AUDIENCE: Is there a significance in having that they're equal-verified before the CHECKSIG? Because it seems like they're both verifying tings, and I'm wondering--

NEHA NARULA: Yeah, that's a great question. So let's say that we didn't have this EQUALVERIFY here then what could a malicious spender possibly do?

AUDIENCE: Well, I just meant flipping the order. We're still verifying both, but if you did the CHECKSIG first versus the EQUALVERIFY first, does that matter?

NEHA NARULA: Oh, that's a good question. I don't think that would matter. I'm not sure. Would it matter?

TADGE DRYJA: You could. It's faster to verify the two hashes are equal. The CHECKSIG operation takes a lot of CPU time so I guess the idea is, if you're going to fail, fail-- go the easy route.

NEHA NARULA: Yes. Yes.

AUDIENCE: So are all nodes on the network running this?

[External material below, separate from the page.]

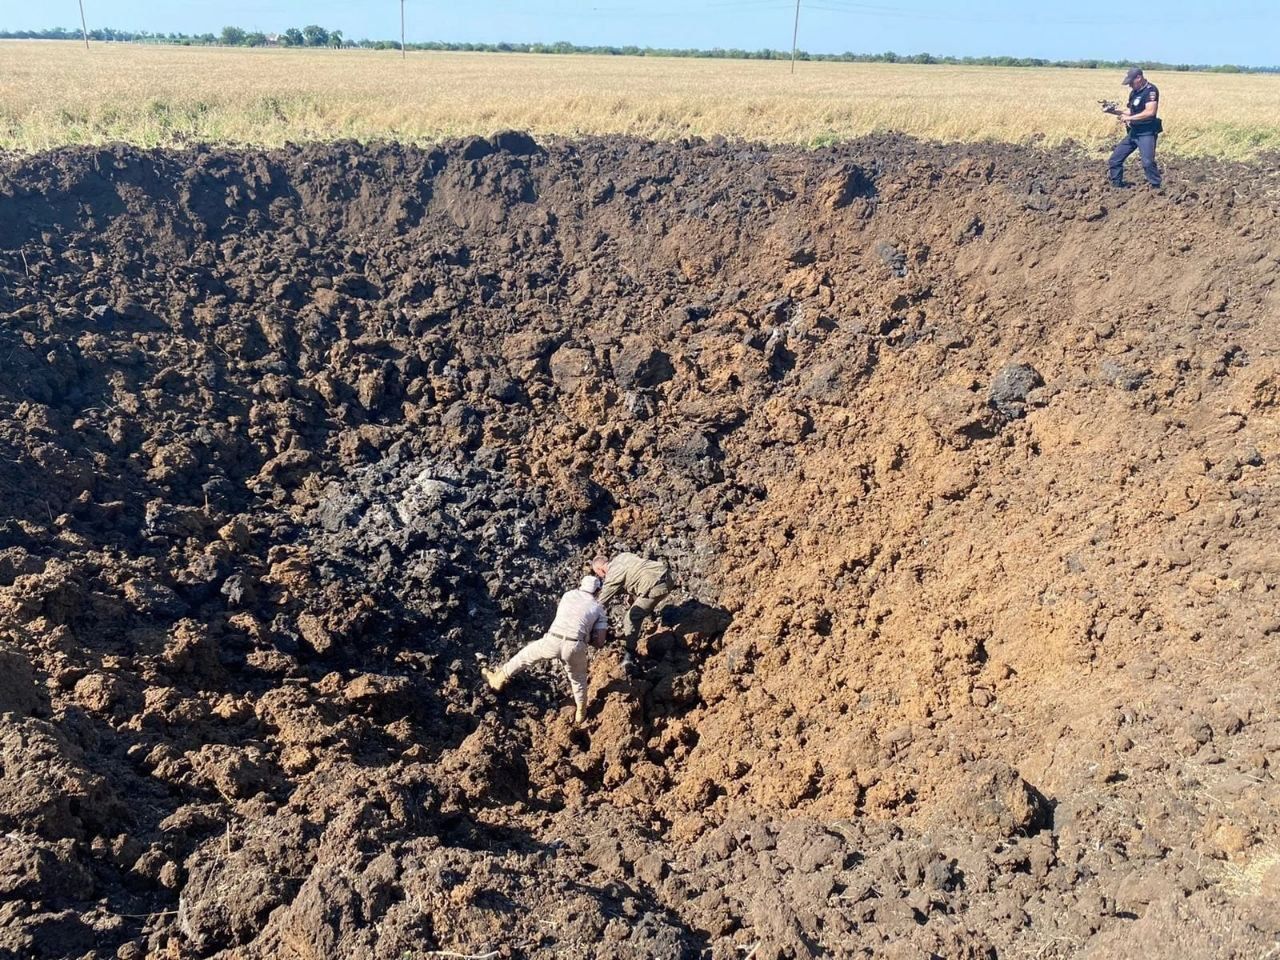 Воронка 20 м в диаметре: в Краснодарском крае возле военного аэродрома упала ракета - СМИ

NEHA NARULA: Yes. Every single node on the network is running the Bitcoin Script Interpreter inside of it. And the Bitcoin Script Interpreter is known as-- what's called consensus critical. So if two nodes have slightly different script interpreters that would interpret this in different ways, the network would have a consensus failure. Yes.

AUDIENCE: Why not just Pay to Pubkey?

NEHA NARULA: Pay to Pubkey is a thing, actually. And Pay to Pubkey Hash is considered better. And the reason for that is kind of subtle, actually. It's because-- so the hash of the pubkey is smaller than the pubkey. And this is definitely going on the blockchain. We don't know if this is going to go on the blockchain or not. Not all outputs are consumed. So let's put the small stuff here and the big stuff over here. It's about saving space.

Also, the set of unspent transaction outputs is something that every node has to maintain. It's very important. You are referring to it quite a bit. This is not something that every node has to maintain. And so you want to make this smaller, even at the expense of making this bigger. Yes.

AUDIENCE: So then you could accidentally sign a transaction that has a public key but a script that doesn't actually verify it?

NEHA NARULA: Could you accidentally sign a transaction that has a public key but a script that doesn't verify? Let me see if this answers your question. So here is an example of an unspendable output. The unspendable output has an OP_RETURN as the first instruction of its scriptPubKey. OP_RETURN does what you might think it does, which means when you evaluate it, it returns immediately and says invalid.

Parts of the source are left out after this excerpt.